A road junction at the entrance into Epe from the Lekki-Epe Expressway features a sculpture of two giant fish, erected by the Lagos State Government.

Notable higher institutions like Lagos State University (LASU), Yaba College of Technology, Lagos State University of Education (LASUED) (Formerly known as Michael Otedola College of Primary Education - MOCPED), and St. Augustine university all have campuses in Epe area of Lagos, Nigeria.

== History ==
In years past, before this settlement came to be called Epe, the town had earlier been known as Igbo Obo (Forest of Monkeys). Some group of hunters from Ijebu, were led by one Urankaloye or Uraka had visited this part of the world during a hunting expedition in search for animals. Though it later served as the refuge for the forces of Kosoko, the Yoruba king ousted from Eko area of Lagos by the British in 1851. In 1892, Epe was the embarkation point for the military expedition sent by Sir Gilbert Carter, the then Governor of Lagos, to defeat the awujale (the Ijebu political and spiritual ruler) at Ijebu-Ode. Uraka and Aramope which were both hunters then left Ile-Ife on a hunting expedition arriving in Ijebu-Ode, Uraka never knew that he was on a threshold of history.

When Uraka got to Ijebu-Ode, he got a message through an Ifa divination. He was told to move southwards towards the sea and should settle anywhere between his crossing of the sixth and seventh river. After crossing the fifth river called "OTERIN" (Cold Water), he got to a place later identified as 'Poka' where he used his popoka stick to strike the ground. Poka town was derived from his name called Uraka's popoka stick. At Poka, the Ifa oracle was further consulted for direction which led Uraka to proceed and after crossing the sixth river, he finally settled in a place called "ETITA".
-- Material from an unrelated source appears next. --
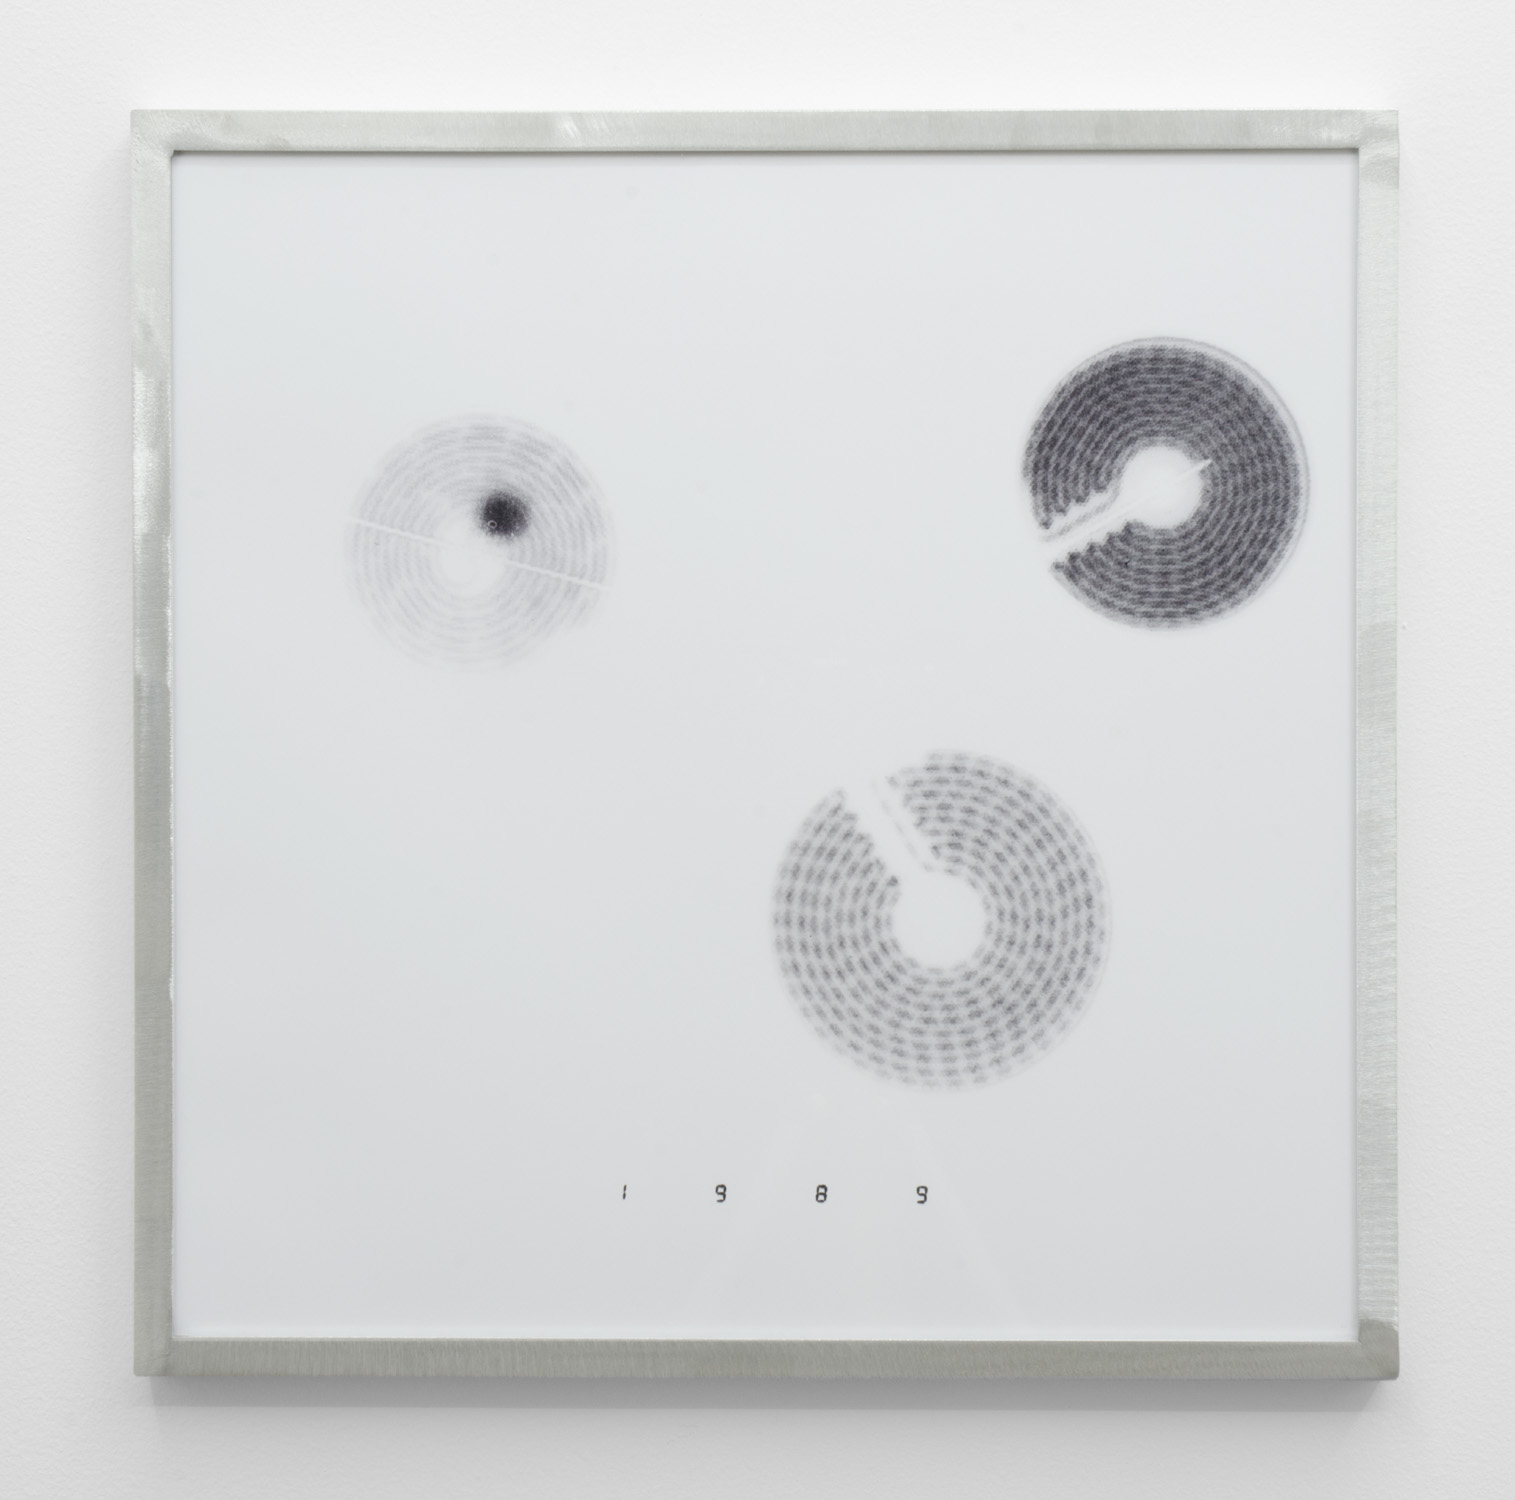 IR-3 , 2014, giclee print on hahnemuhle photorag, custom aluminium frame 40 x 40 cm.

Upon settling at Etita, Uraka saw a smoke emanating from a heavily thick forest towards the lagoon. To see things for himself, Uraka traced the source of the smoke where he met some fishermen named Opute, Lugbasa, Alaro and Ogunmodede. Alaro and Ogunmodede were married but childless. Both later became deities and are worshipped in Epe till date, hence all Epe's sons and daughters are referred to as "Omo Epe Alaro Ogunmodede".

Meanwhile Uraka continued his hunting expeditions until he got to a place called Igbo obo (monkey forest), the present site of the Lagos State University, School of Engineering and formerly a military barracks, from where he continued his search for games. He later discovered a place called Oko-Eepe (Forest of black ants). As it turned out, whenever Uraka set his traps for games, he always returned home empty handed. This became a source of worry to him and his wife. Yet he was convinced that Oko-Eepe was home to the biggest games around. He complained to his wife named "PEETA" that the forest was infested with black ants and whenever he tapped his feet to ward off the black ants, animals around would take to their heels. More so, any animal caught by his traps were always eaten up by the ants before he got there.
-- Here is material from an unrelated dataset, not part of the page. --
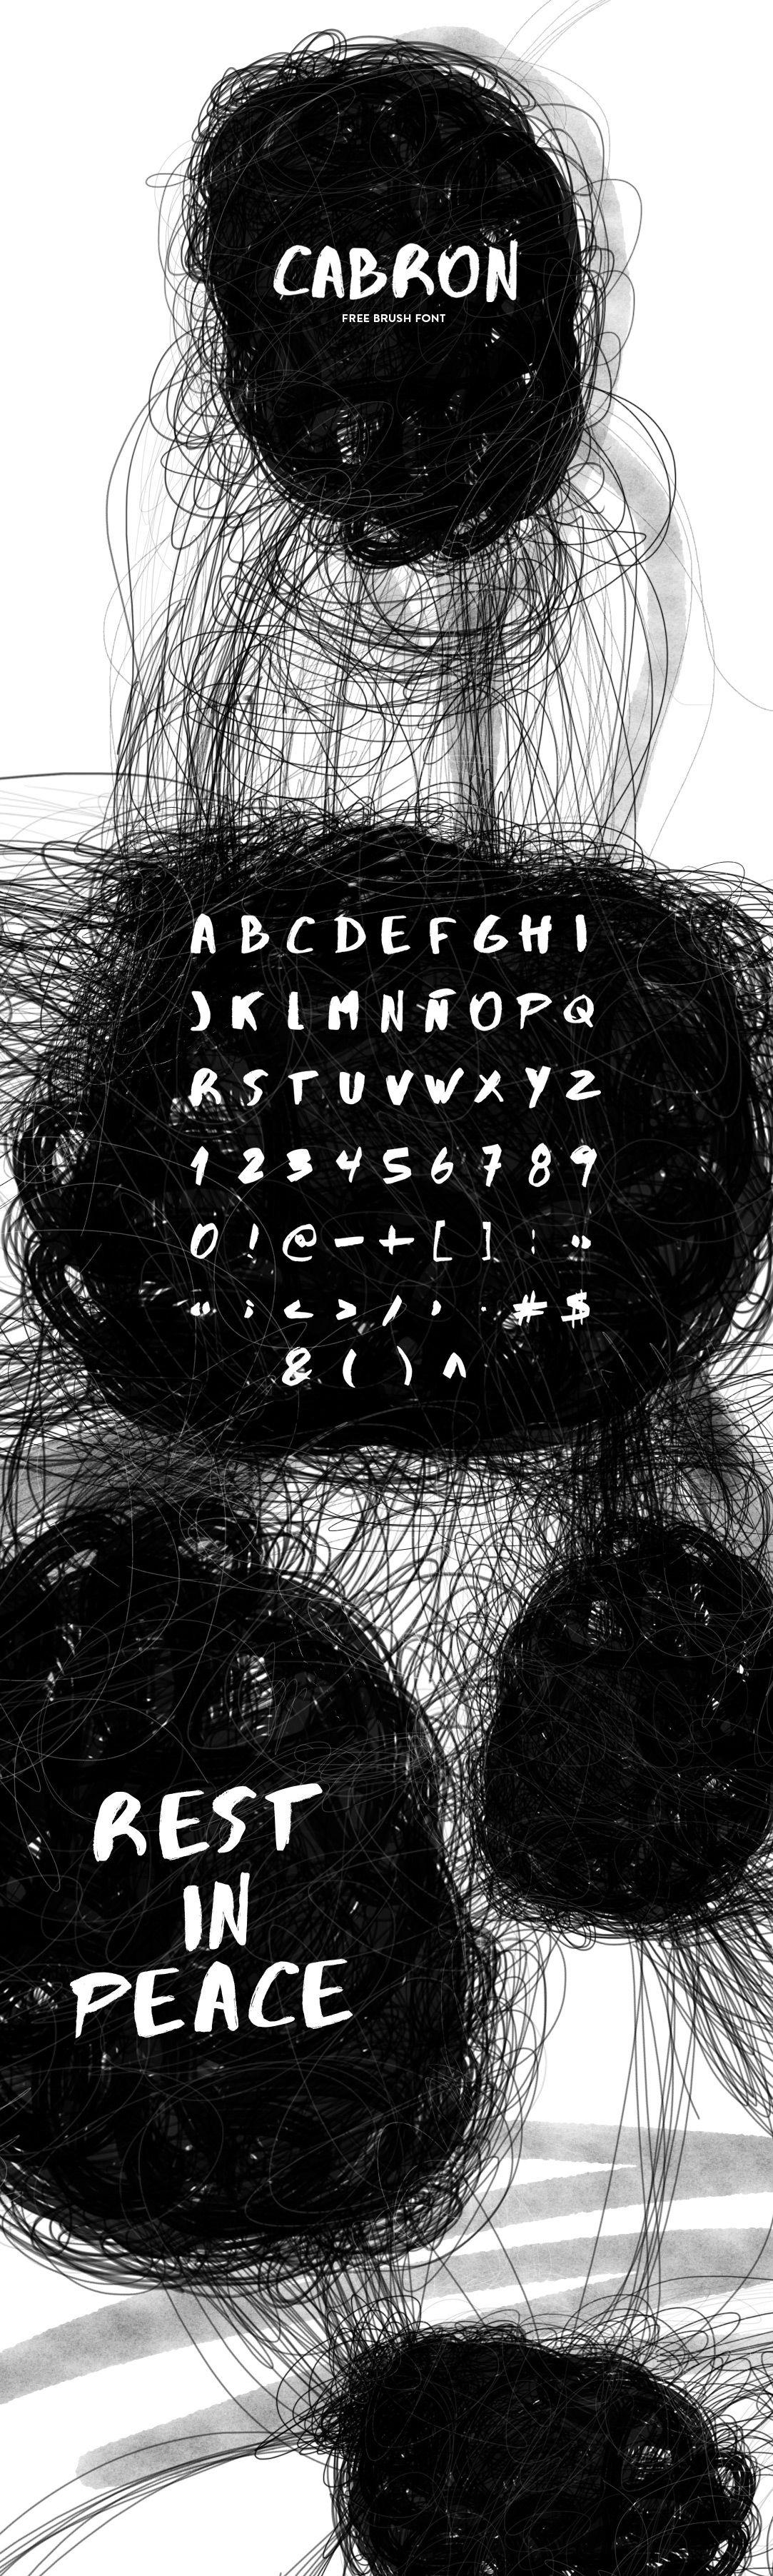 Https Drive Google Com File D 0b756wkgzdimvdevxcfl6bxbvnfu View Usp Sharing Graphic Design Fonts Fonts Design Brush Font

Each time Uraka sets out for hunting, Peeta would ask if he was still going to Oko-Eepe. Eepe town derived its name from Oko-Eepe in the 15th century and some historians believed Peeta, Uraka's wife, must have played a vital role in the naming of Epe Town. Epe started expanding and in no time, some people settled at Areke or Aleke while others settled at the other side known as "Apakeji". Along the line, an Ijebu prince, son of the fifth Awujale of Ijebu-Ode, Obaloja left Ijebu-Ode and settled in Epe. He took the name Oloja and by 1790, Shagbafara was installed Oloja. As at 1810, Epe was fairly a large town. The town was relatively peaceful but had its own share of inter-tribal war. However, 1848 witnessed the Makun-Omi-Epe war. It was almost immediately after the end of Makun-Omi-Epe war that King Kosoko of Lagos sought refuge in Epe Land with over 1,500 followers. That was in December 1851, during the reign of Oloja Olumade.
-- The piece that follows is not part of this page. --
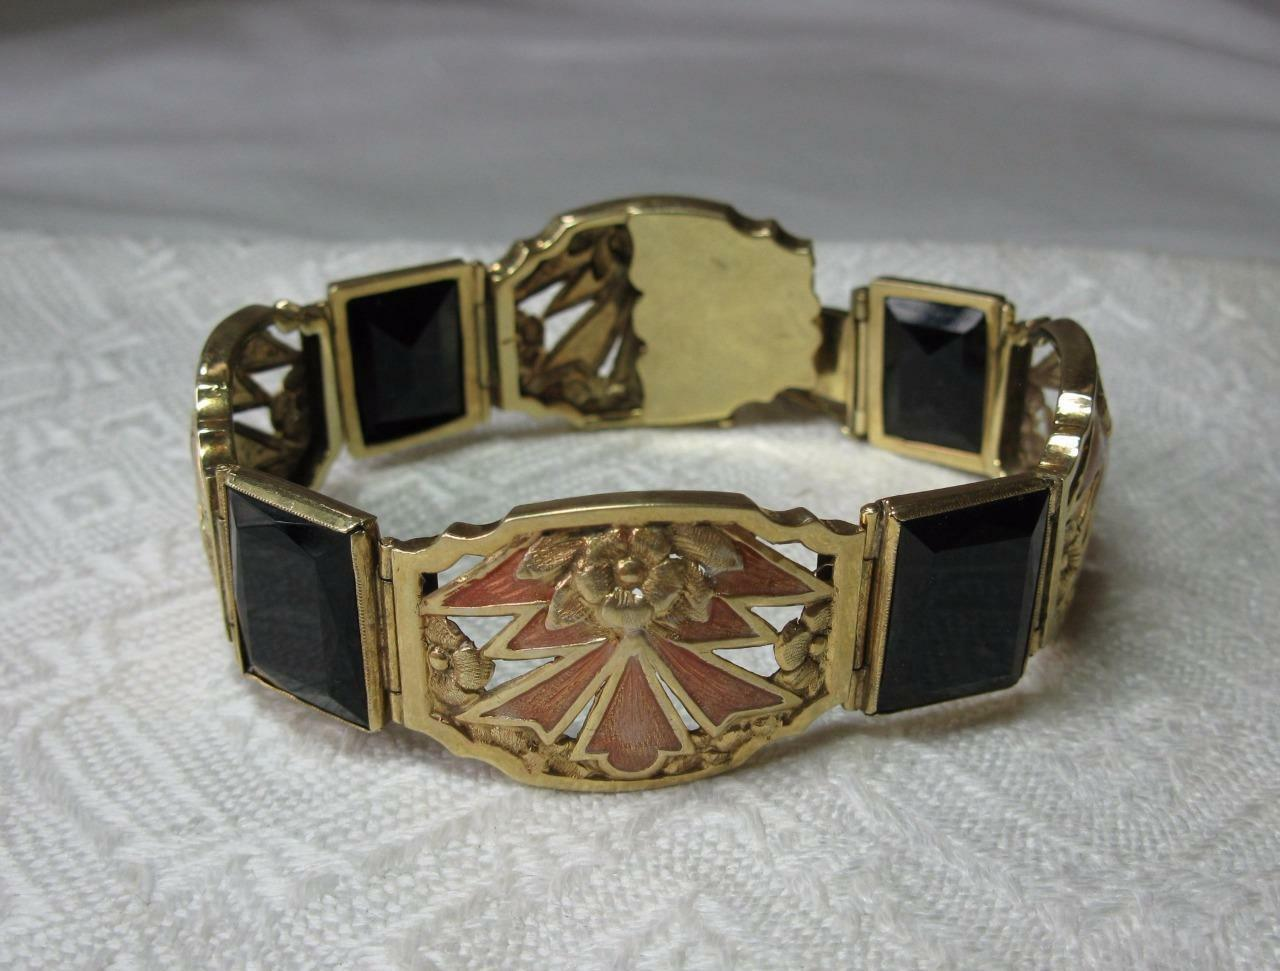 Art Nouveau Bracciale 14k oro Smalto Onice Onice Onice Nera Belle Epoque Museum Qualità Raro bb94a4

Kosoko was denied entry into Epe town but after a long plea, he was directed to Ijebu-Ode to obtain clearance and permission from Awujale Anikilaya. The Awujale consequently considered him as a mark of royalty and sent "Oja Ikale" as symbol of permission and caring to Oloja Olumade, asking him to grant Kosoko and his lieutenants' asylum in Epe. Kosoko's stay in Epe was a subject of controversy.  Some claimed that in his 11 years in Epe, he never had a house of his own, while others think otherwise. But whatever the case might have been, Kosoko's years in Epe changed the socio-cultural atmosphere of Epe town, because some of his followers to Epe town were Muslims.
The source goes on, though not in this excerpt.